Top of Data supplied

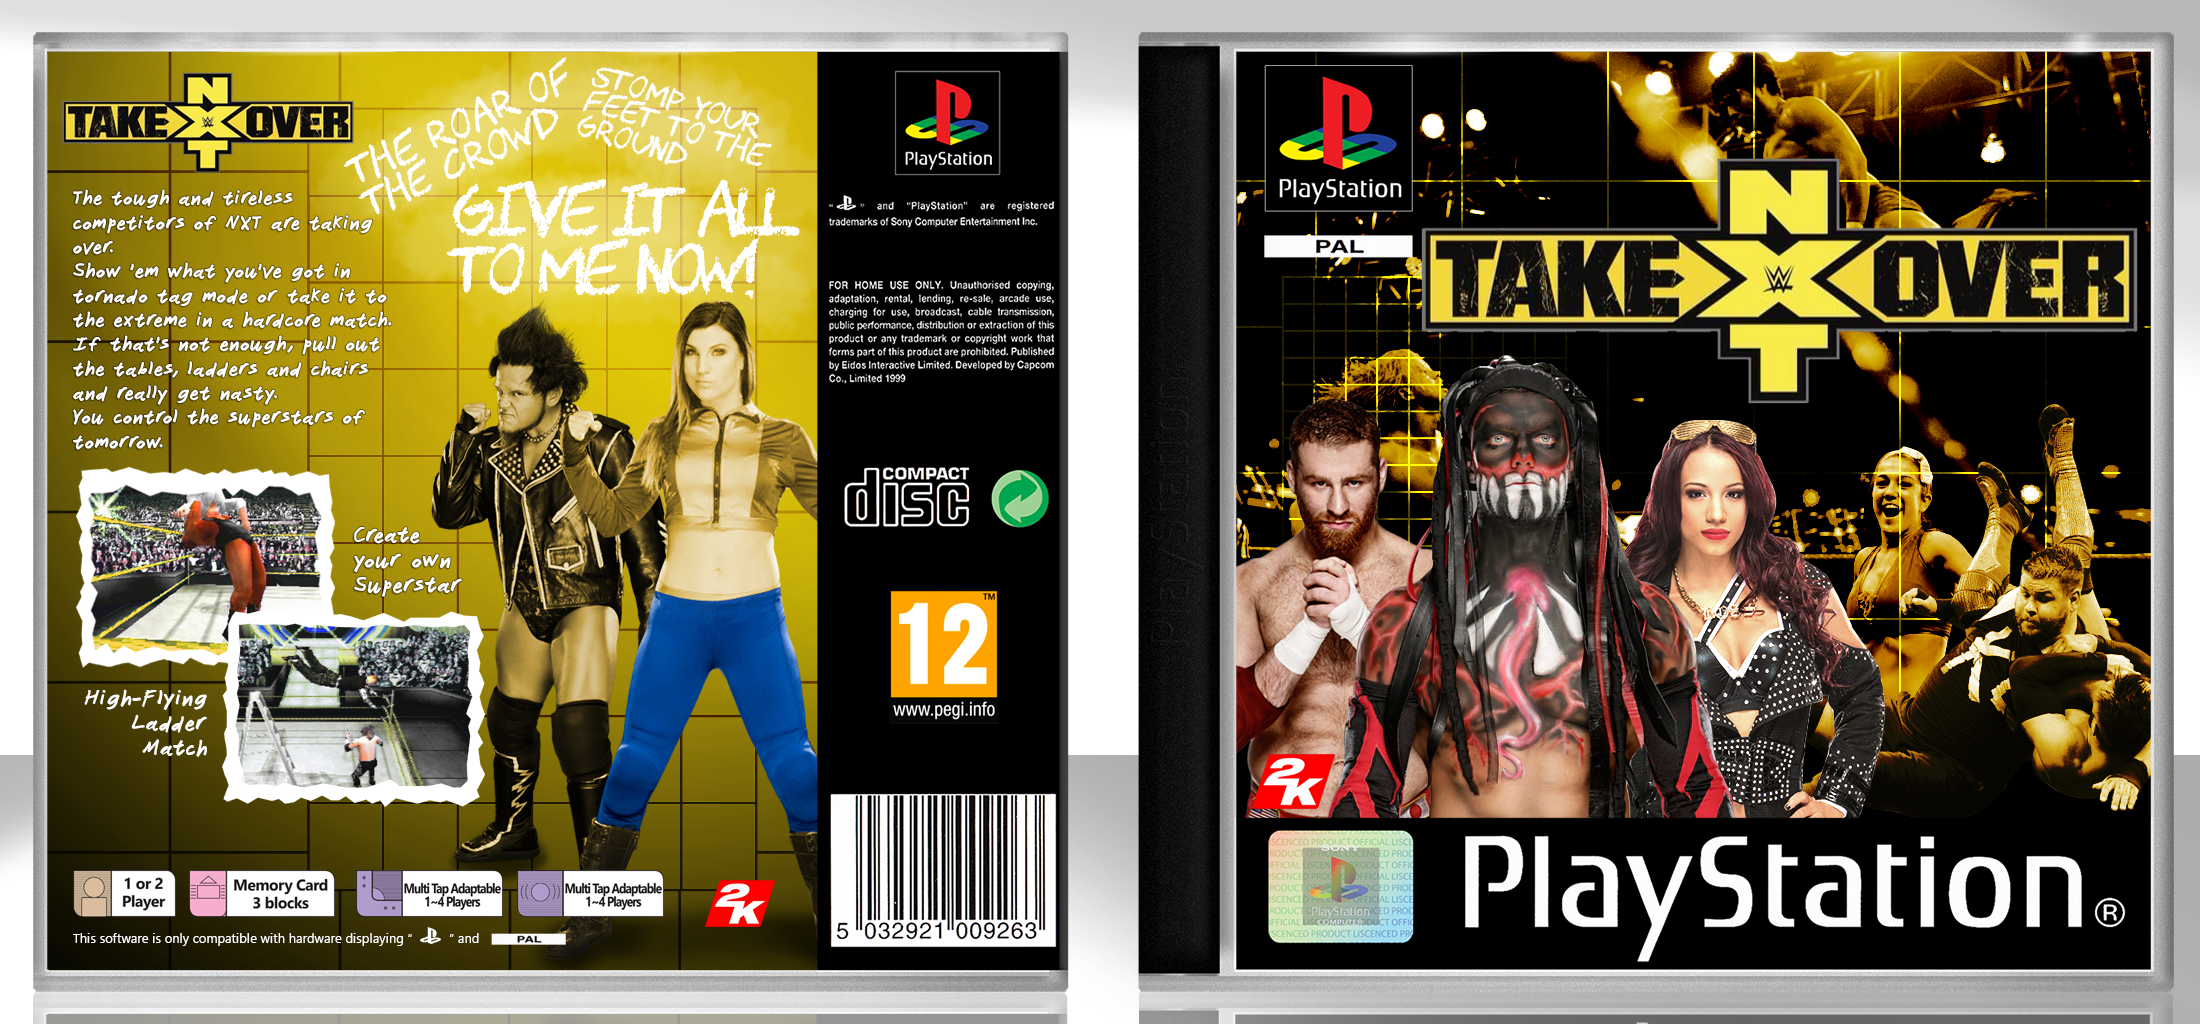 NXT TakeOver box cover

Bottom of Data supplied
Top of Data supplied

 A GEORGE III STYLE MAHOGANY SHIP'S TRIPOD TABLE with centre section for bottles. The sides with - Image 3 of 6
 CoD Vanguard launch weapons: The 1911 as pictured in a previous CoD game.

Bottom of Data supplied

* Action item: In the material above, locate the line containing "A GEORGE III" and the line containing "CoD Vanguard launch". Transcribe exactly those two lines and every line between them, and nothing more.

* Written solution:
 A GEORGE III STYLE MAHOGANY SHIP'S TRIPOD TABLE with centre section for bottles. The sides with - Image 3 of 6
 CoD Vanguard launch weapons: The 1911 as pictured in a previous CoD game.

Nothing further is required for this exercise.